Еще весной 1927 Нестеров принялся хлопотать об организации поездки в Италию для Павла Корина. Вот подлинник его письма от 22 мая:
«В Комиссию по Октябрьским заказам у художников.
Художник Павел Дмитриевич Корин происходит из старинного рода живописцев-крестьян известного села Палех Владимирской губернии. Лет за двести вышло немало живописцев из коринского рода, о чем говорят записи с. Палех. Последним и самым выдающимся надо признать Павла Дмитриевича, окончившего б. Школу живописи, ваяния и зодчества, оставленного ассистентом у проф. С.В.Малютина, позднее самостоятельного руководителя в Свободных государственных мастерских. Пав. Дм. Корин, задумав писать картину, оставляет профессорскую должность, посещает университет, изучая серьезно анатомию у проф. Карузина. Чтобы еще укрепить свои знания в рисунке, он делает ряд копий-фрагментов со знаменитой картины Александра Иванова. Последняя из копий Пав. Дм., совершеннейшая из всех, когда-либо с картины Иванова сделанных, обращает на себя общее внимание. Ректор теперешней Академии художеств, увидав копию, оценив ее исключительные достоинства, выражает желание ее приобрести для Академии и лишь за неимением свободных средств откладывает это свое намерение. К сознанию необходимости серьезного изучения великих мастеров П.Д.Корин пришел давно. Побывать в Венеции, Флоренции, в Риме для такого индивидуального дарования, как у Павла Дмитриевича, есть насущная необходимость. От Иванова, Брюллова до Бруни Академией вменялось в обязанность молодым художникам перед началом самостоятельной творческой работы сделать копию с одной из картин великих мастеров нашего Эрмитажа, чтобы нагляднее уяснить их высокие технические достоинства, чтобы поднять общий уровень понимания задач искусства.
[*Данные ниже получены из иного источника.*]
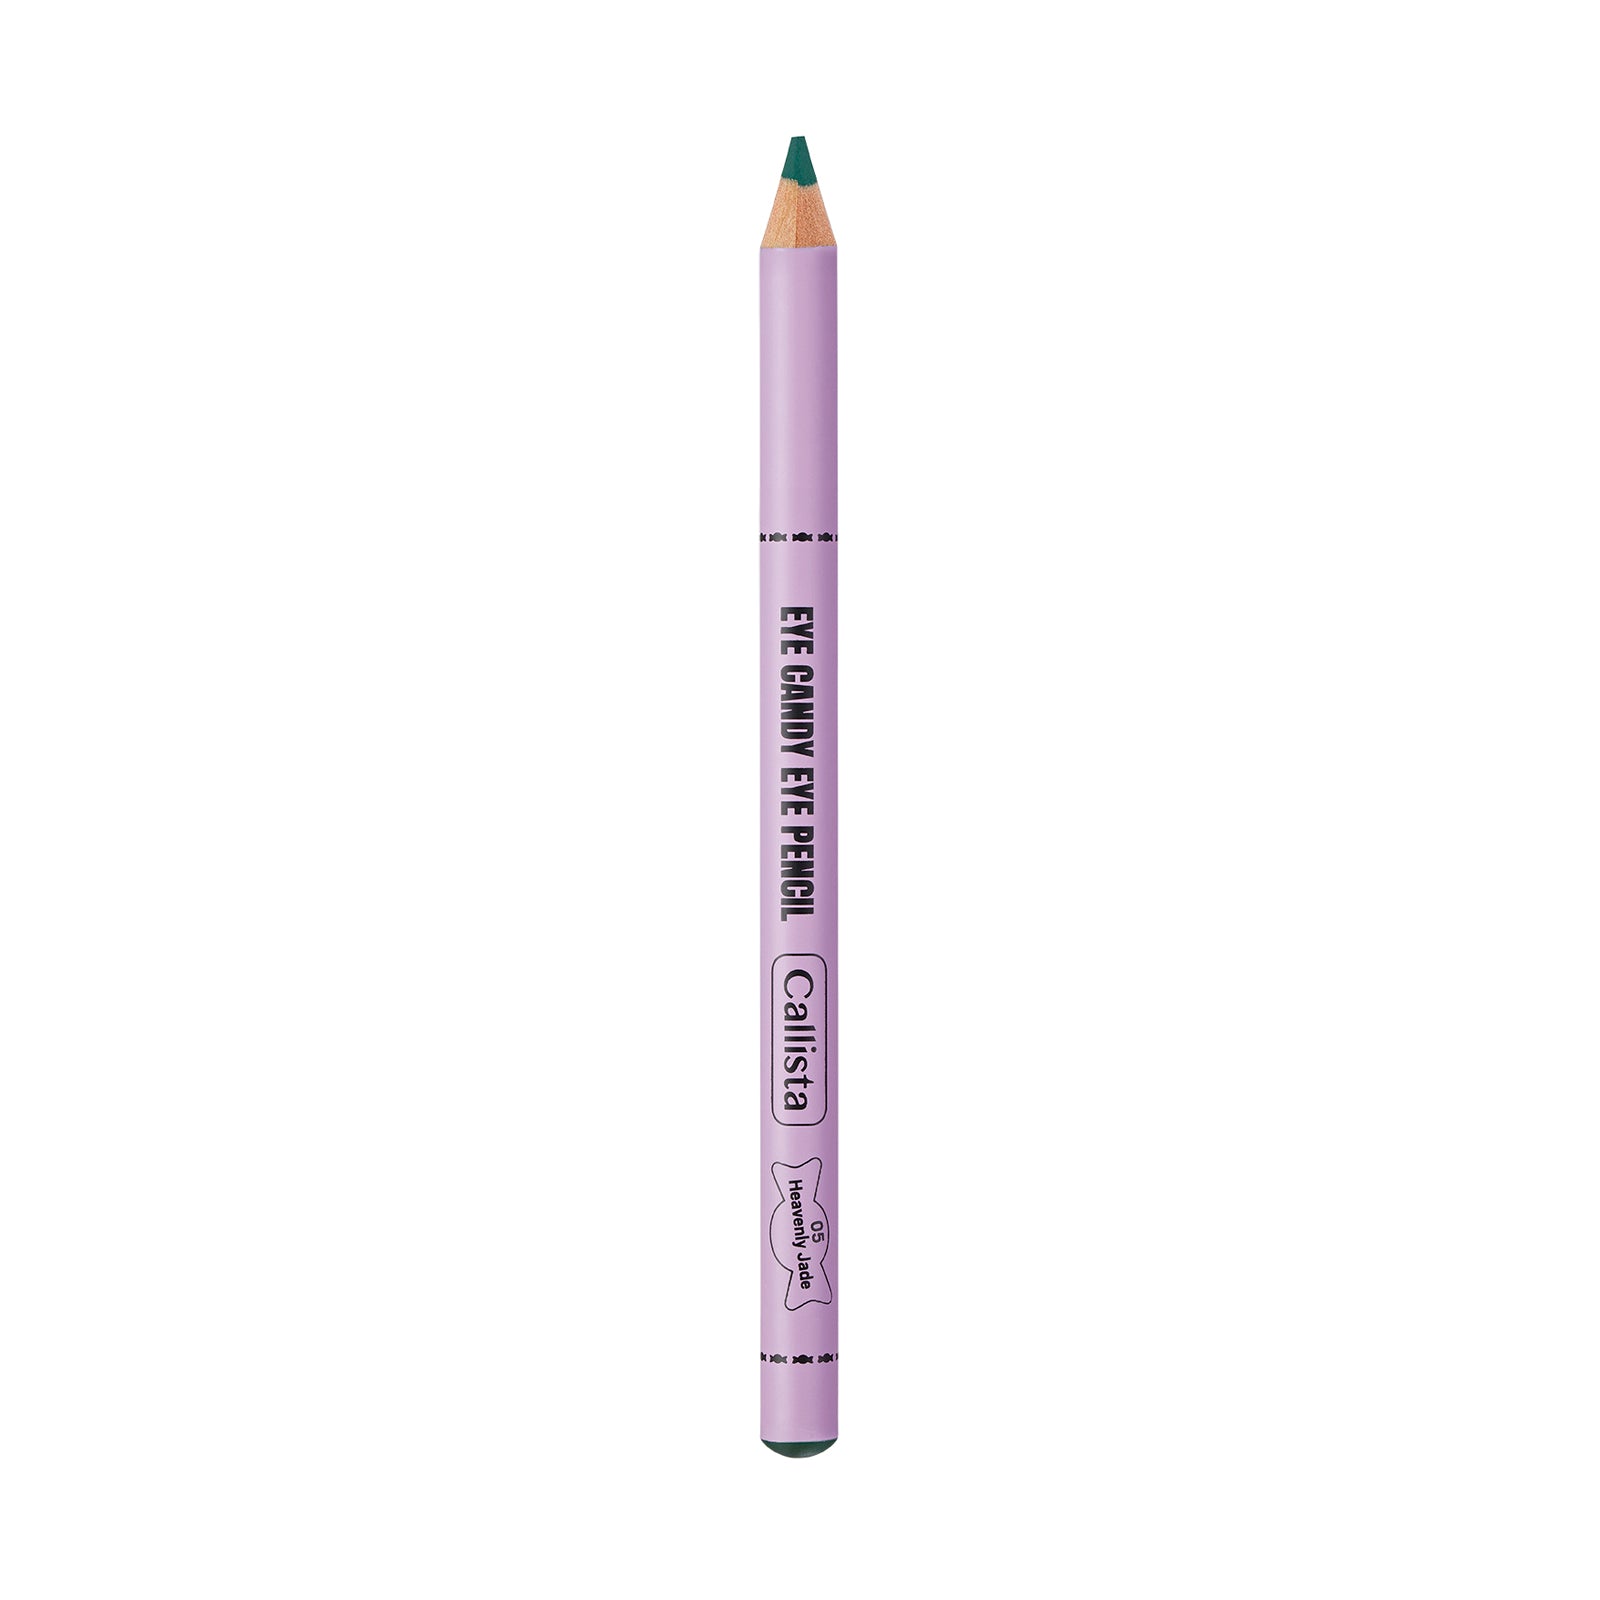 Callista Eye Pencil 0.78g 05

После чего наиболее достойные посылались в Италию. Там на местах они знакомились с великими творениями века Возрождения. Будет совершенно справедливо, не связывая художника ничем, дать ему возможность и средства на поездку по Италии, тем более что такие случаи в недавнее время бывали. Во всяком случае, П.Д.Корин по возвращении из-за границы, при отсутствии у нас серьезных руководителей по рисунку, будет очень полезен как совершенно исключительный знаток рисунка и формы вообще, к познанию чего сейчас так заметно стремится наша художественная молодежь.
Академик живописи Михаил Нестеров».
Надо сказать, что Павел и Александр были посланы заграницу. В этом сыграл свою роль и Горький, но случилось это много позже, в 1931 году, затем в 1935.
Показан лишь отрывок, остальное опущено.